**Action item:**
An exact transcription is needed, beginning at the line with "La piste de" and ending at the last line of the listing, with pictures left out and nothing else added.

**Recorded data:**
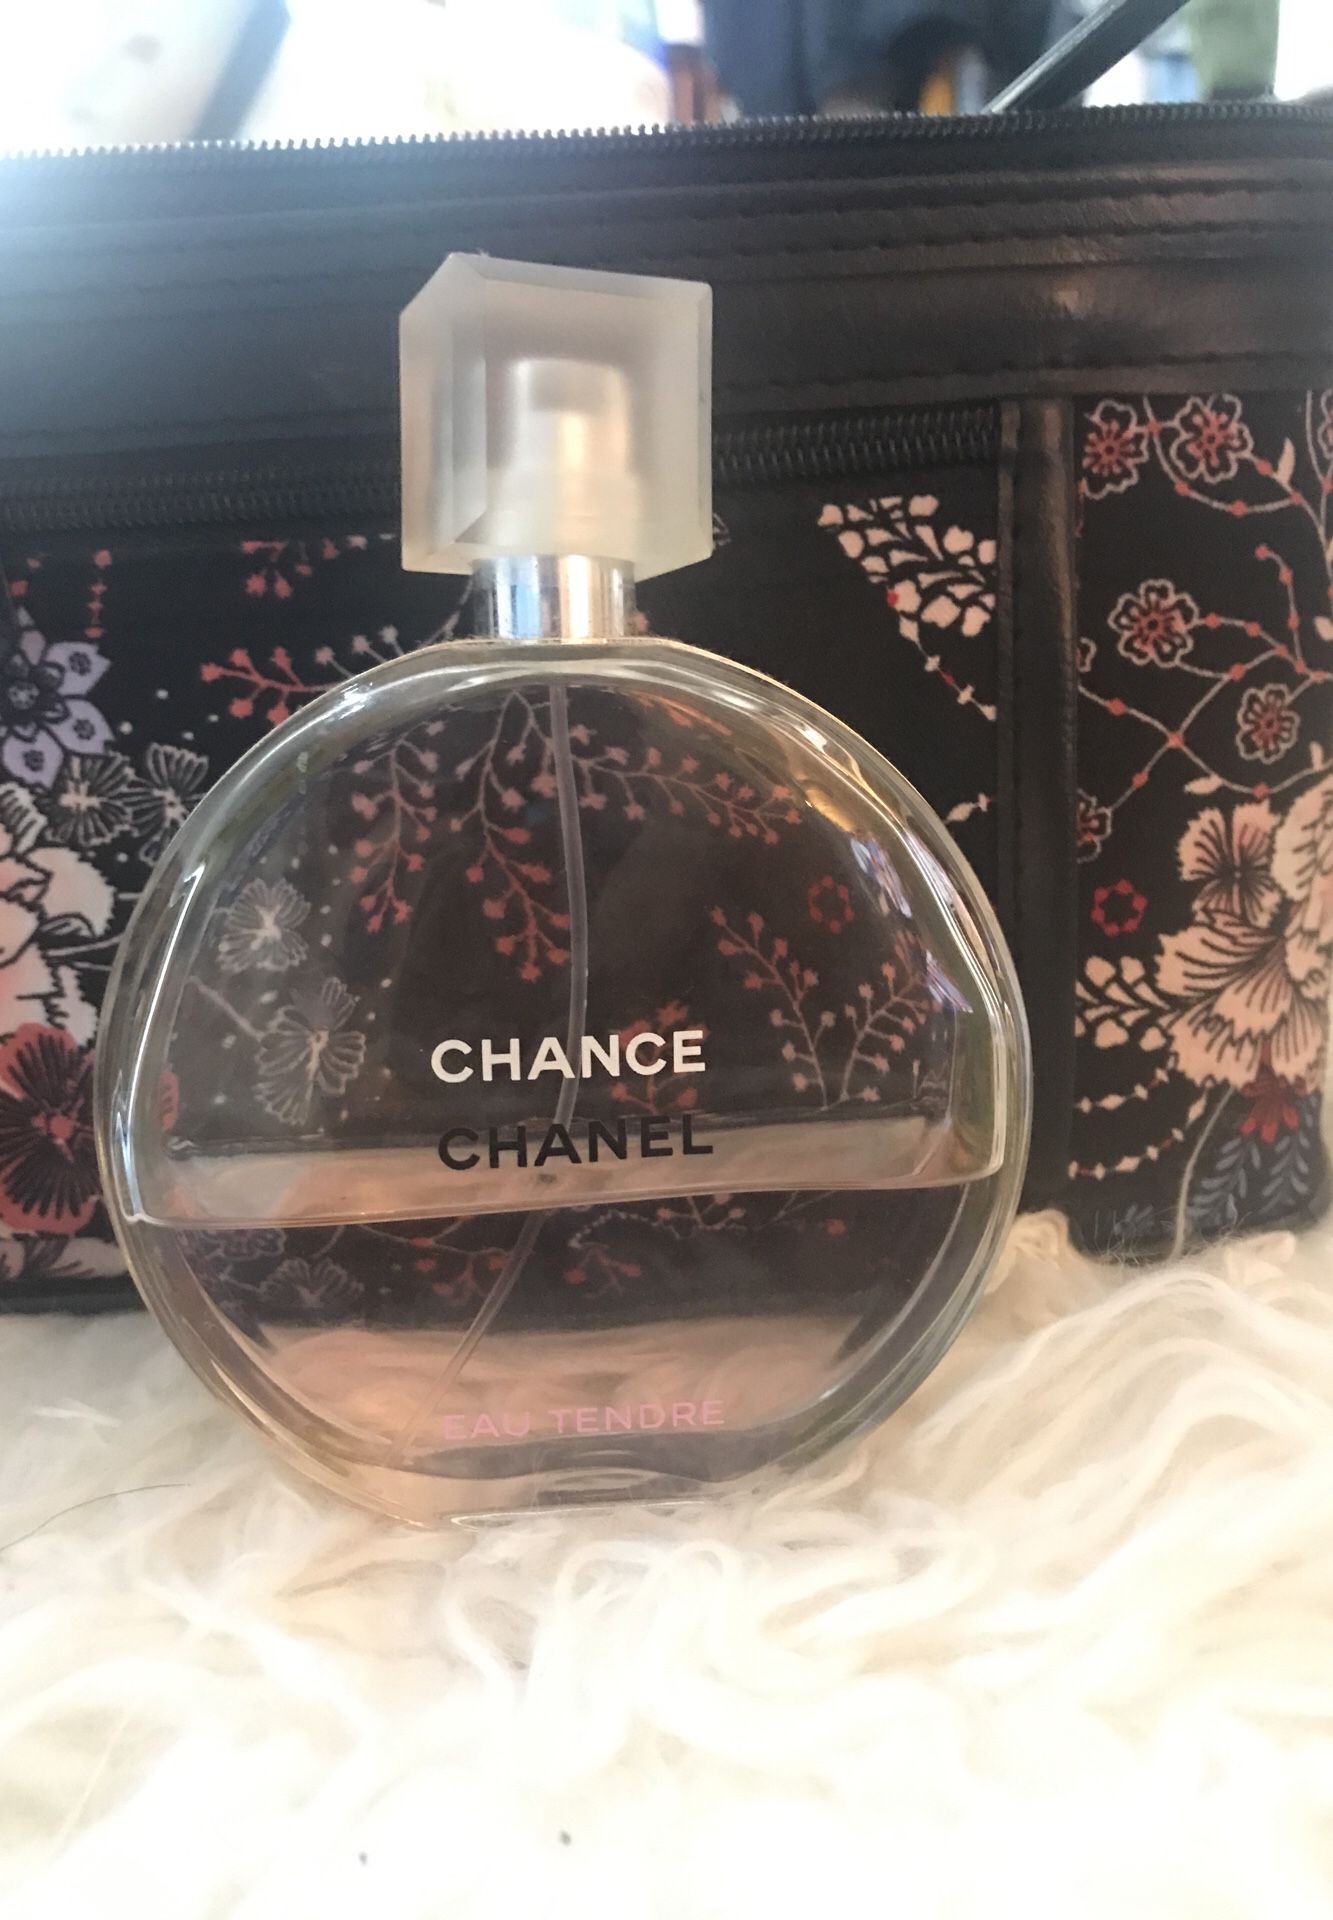 Chanel Chance Eau Tendre Eau de Parfum Spray - 1.7 oz
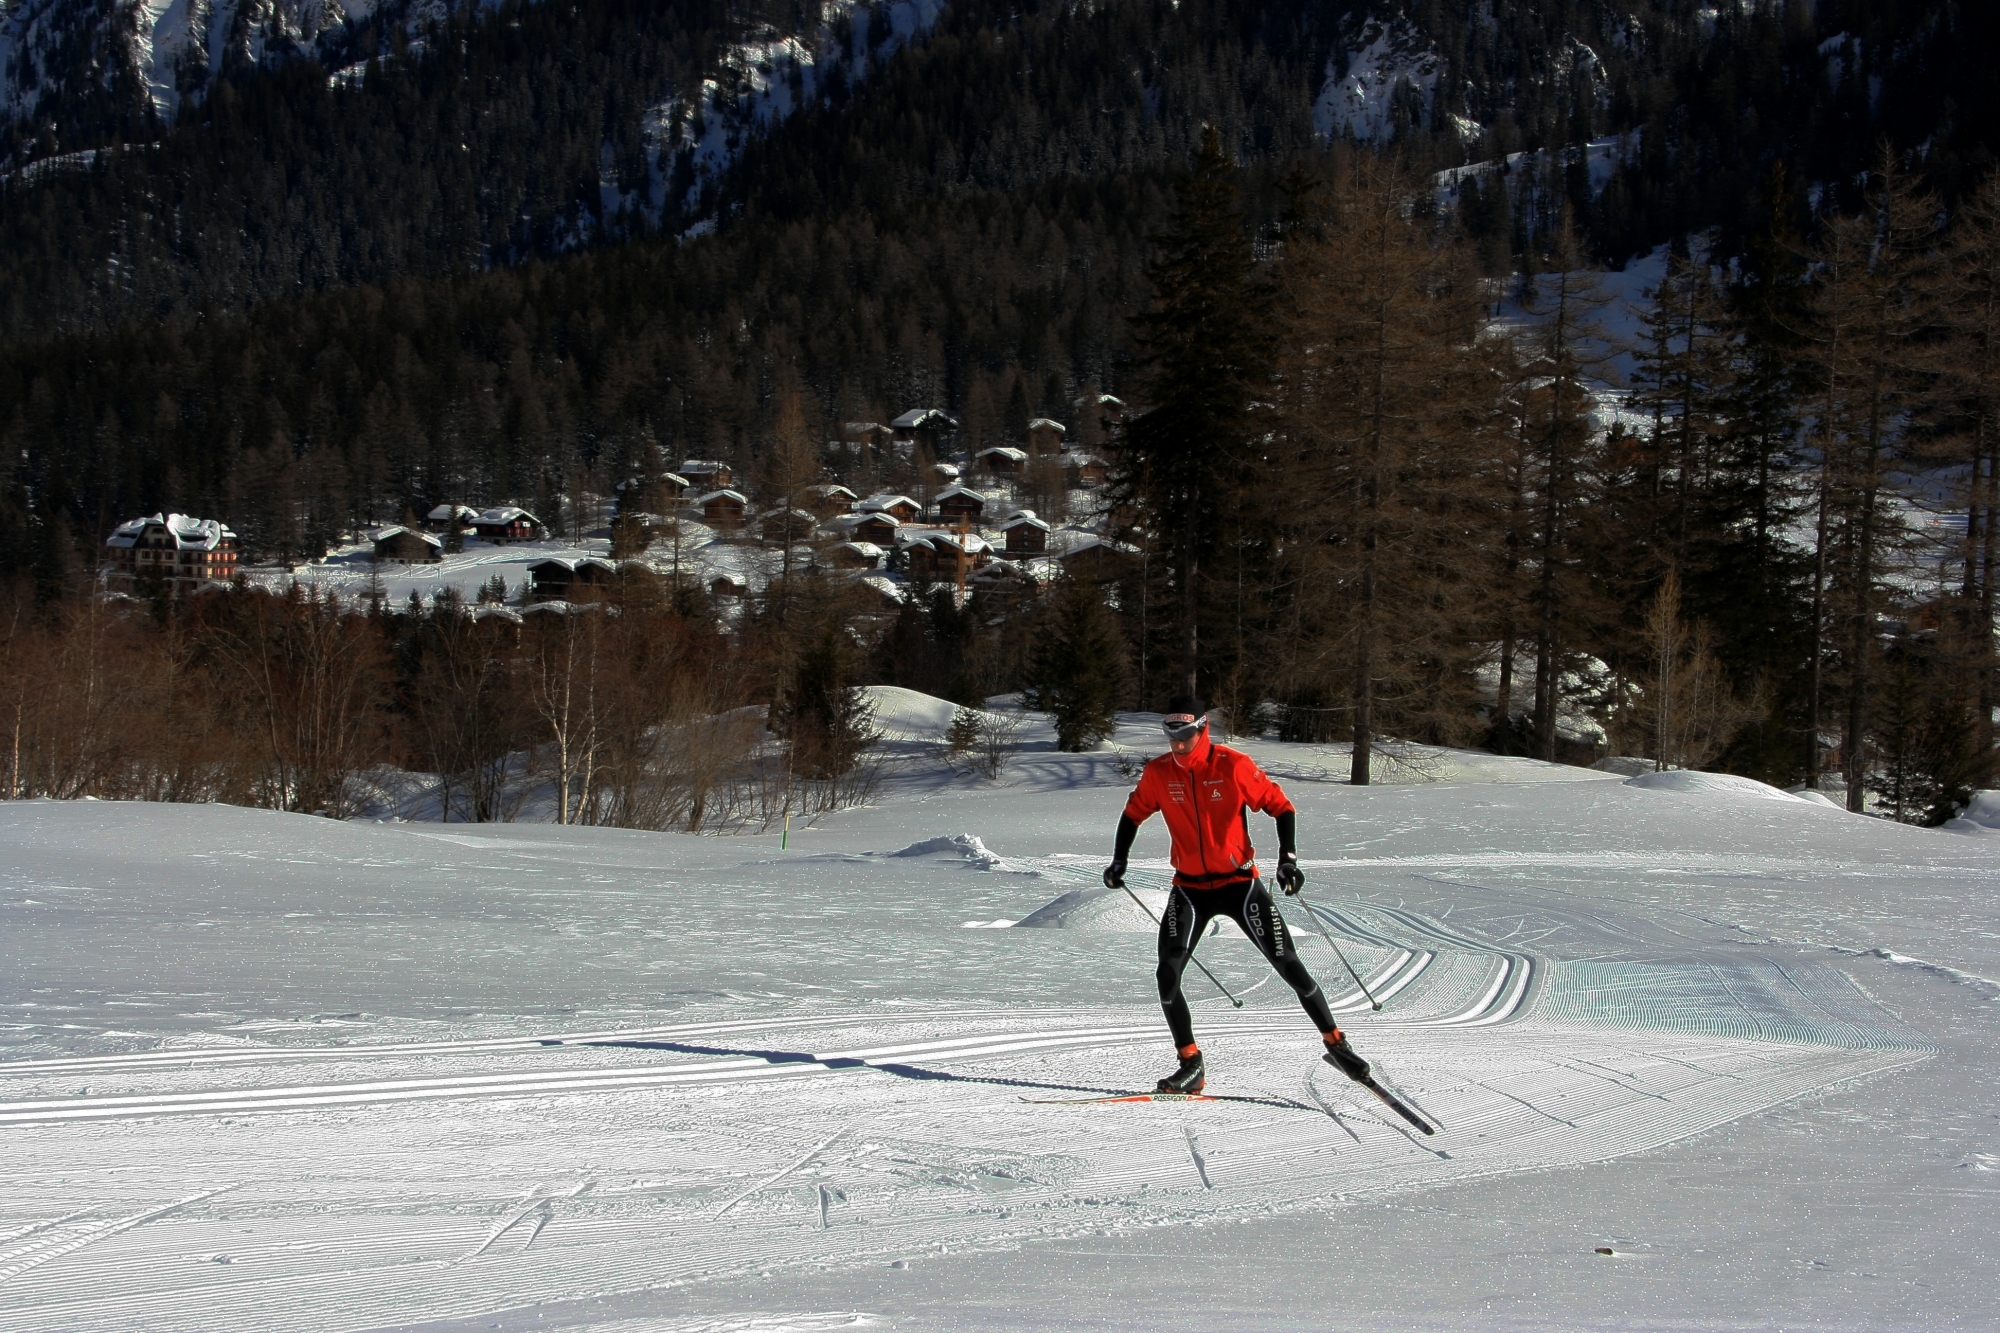 La piste de La Fouly est idéale pour les amateurs de ski de fond, qu'ils soient débutants ou avancés.
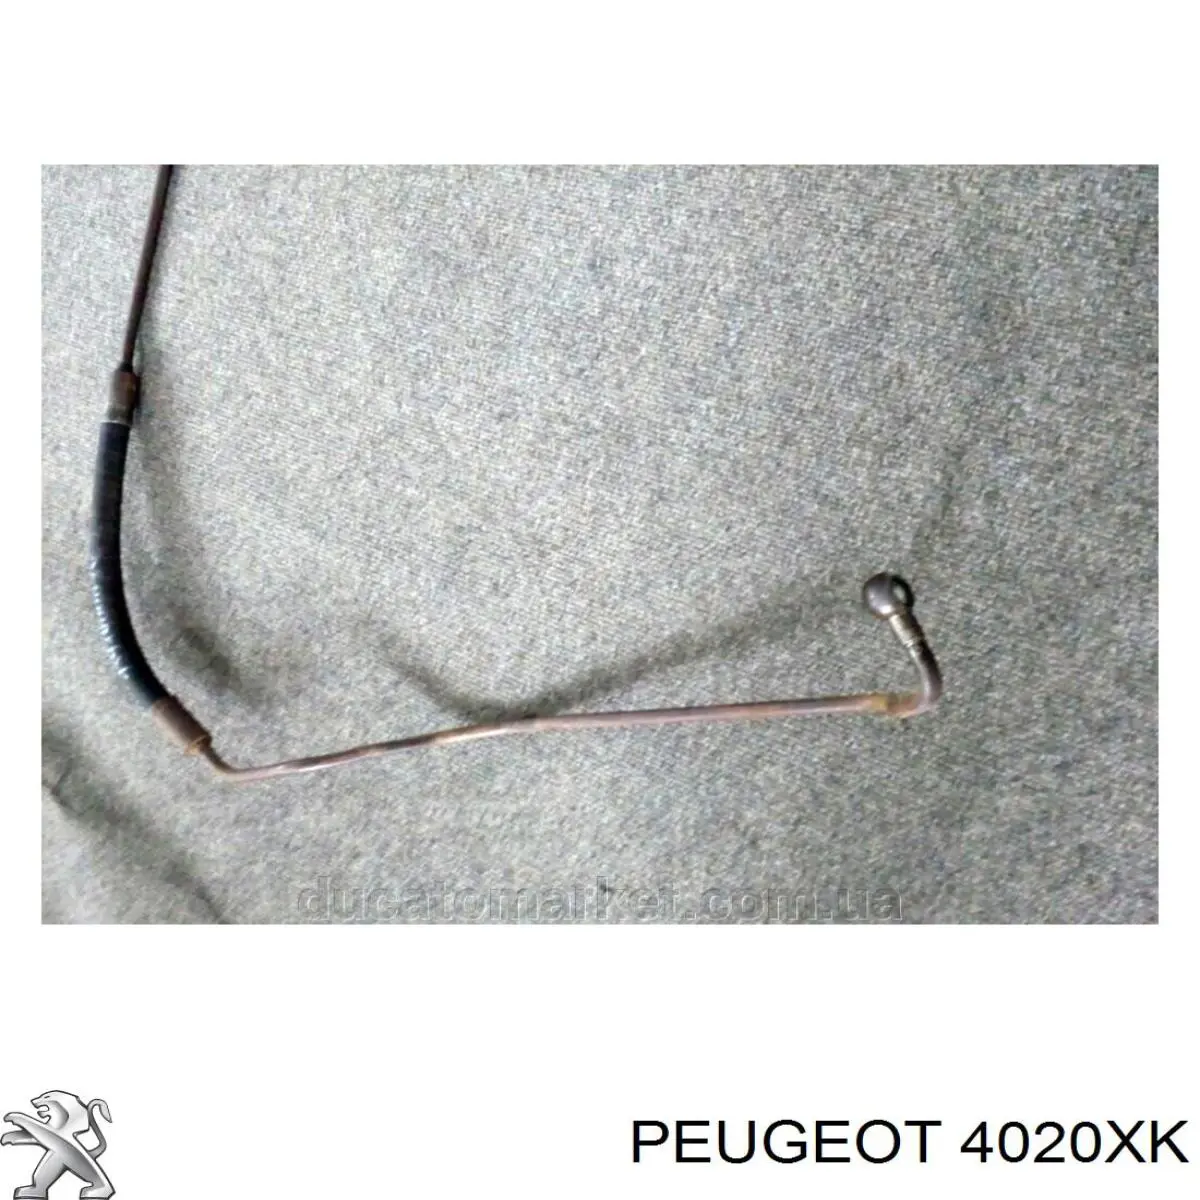 Mangueira da Direção hidrâulica assistida de pressão alta desde a bomba até a régua (do mecanismo) para Peugeot Boxer (230)

**Exercise output:**
 La piste de La Fouly est idéale pour les amateurs de ski de fond, qu'ils soient débutants ou avancés.
 Mangueira da Direção hidrâulica assistida de pressão alta desde a bomba até a régua (do mecanismo) para Peugeot Boxer (230)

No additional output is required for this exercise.